# Intuition for batch[:,c] in the book

I am reading a book “Deep learnin with Pytorch” and the code is like below:

``````print(batch.shape) # torch.Size([4, 3, 256, 256])
batch /= 255.0

n_channels = batch.shape[1]
for c in range(n_channels):
print("smth.shape", smth.shape)
mean = torch.mean(batch[:,c])
std = torch.std(batch[:,c])
batch[:, c] = (batch[:, c] - mean) / std
``````

I can’t get the intuition of `batch[:,c]`. It returns `torch.Size([4, 256, 256])` where `4` is batch_size, `256` is `height` and `width` of an image. `:` means everything and `c` is looped over 0, 1 and 2. In the first iteration it will be `batch[:,0]`. Why is that returning `torch.Size([4, 256, 256])`?

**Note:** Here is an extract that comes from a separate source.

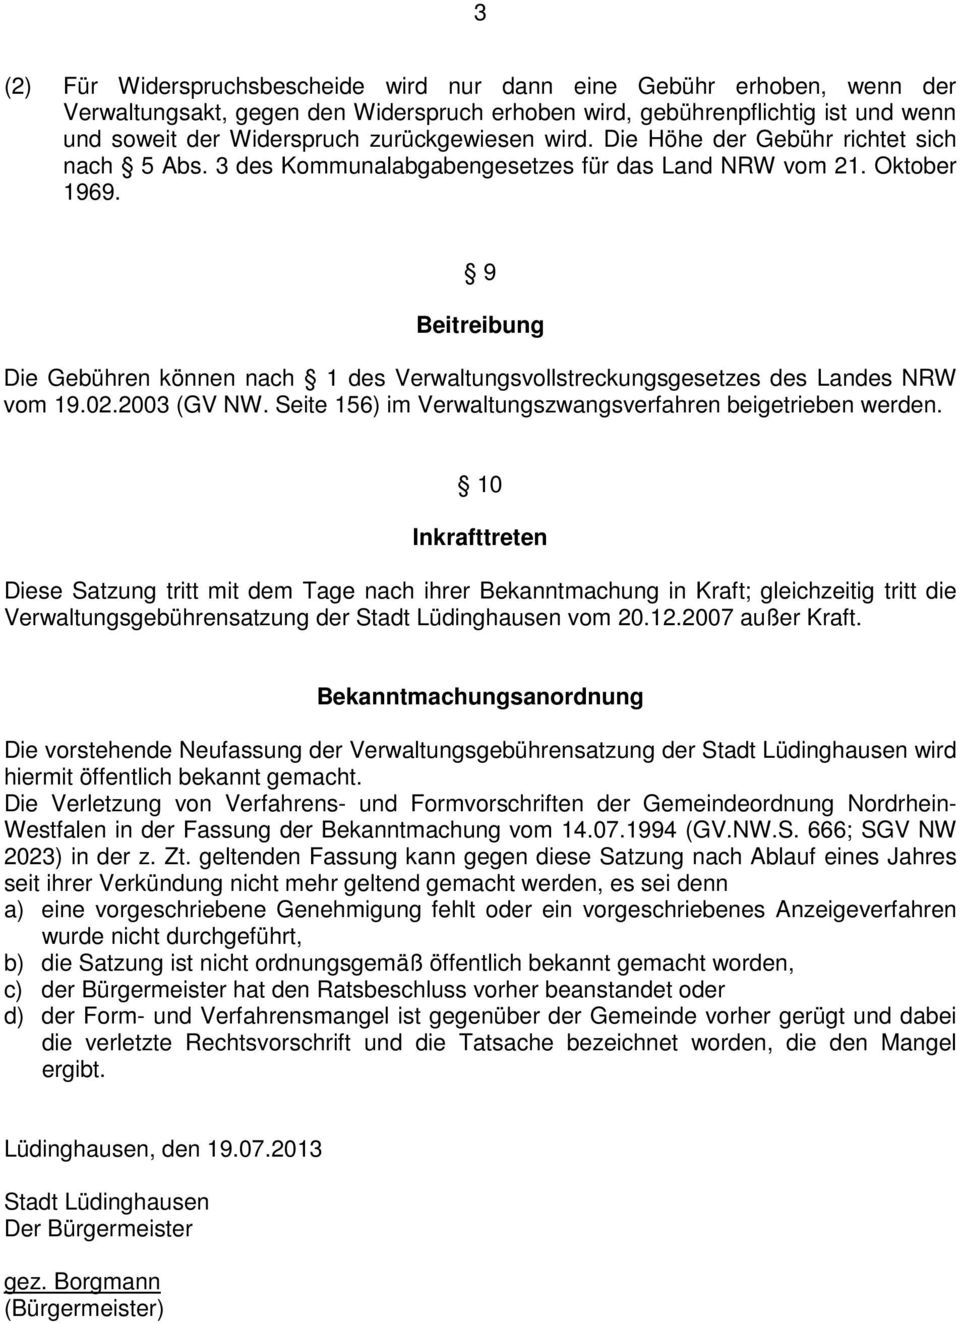 9 Beitreibung Die Gebühren können nach 1 des Verwaltungsvollstreckungsgesetzes des Landes NRW vom 19.02.2003 (GV NW. Seite 156) im Verwaltungszwangsverfahren beigetrieben werden.

You index into the second index position (dimension 1) of the tensor [4, 3, 256, 256], so that dimension is dropped in the resulting view.

3 Likes

Yes, you are right that gives you a tensor of `torch.Size([4, 256, 256])`.

The intuition here is that you want to normalize image before feeding it to the network. The normalization usually comprises 2 operations: make the input distribution a 0-mean and 1-std. In this piece of code you are normalizing per channel as each channel (or each RGB color) distribution might have different characteristics so you want to normalize per channels. This assumes there is a correlation between channels of the same color, which might makes sense.

However in practice I found that you can also normalize the whole batch of images aggregating all the channels without any issue:

``````# torch.Size([4, 3, 256, 256])
print(batch.shape)

# Norm
batch_mean = batch.mean()
batch_std = batch.std()
batch = (batch - batch_mean) / batch_std
``````

You can also take a look at `albumentaitons` library specifically to `albumentations.transforms.Normalization` which does the same automatically for you

1 Like

Yeah, so from the top of my head, I think the books mentions that depending on your problem type, you’d take (per-channel) averages over the entire Dataset. This is what is usually done for image classifiers (ImageNet).
I’m sure you can get good results without splitting by channel, given that the mean is something like [0.485, 0.456, 0.406] and the std [0.229, 0.224, 0.225], so they’re not that far apart.
When you use the batch, it is a bit funny because the image depends on its neighbors, I’d probably avoid that just because I’d feel dirty if I did that. On the other hand batch norm is arguably quite successful.

Best regards

Thomas

2 Likes

Yeah you are completely right! Better not to normalize the whole batch!

I took a look to my code and the normalization is being done in a subclass of `torch.utils.data.Dataset`. So you are right. It is better just to normalize by sample.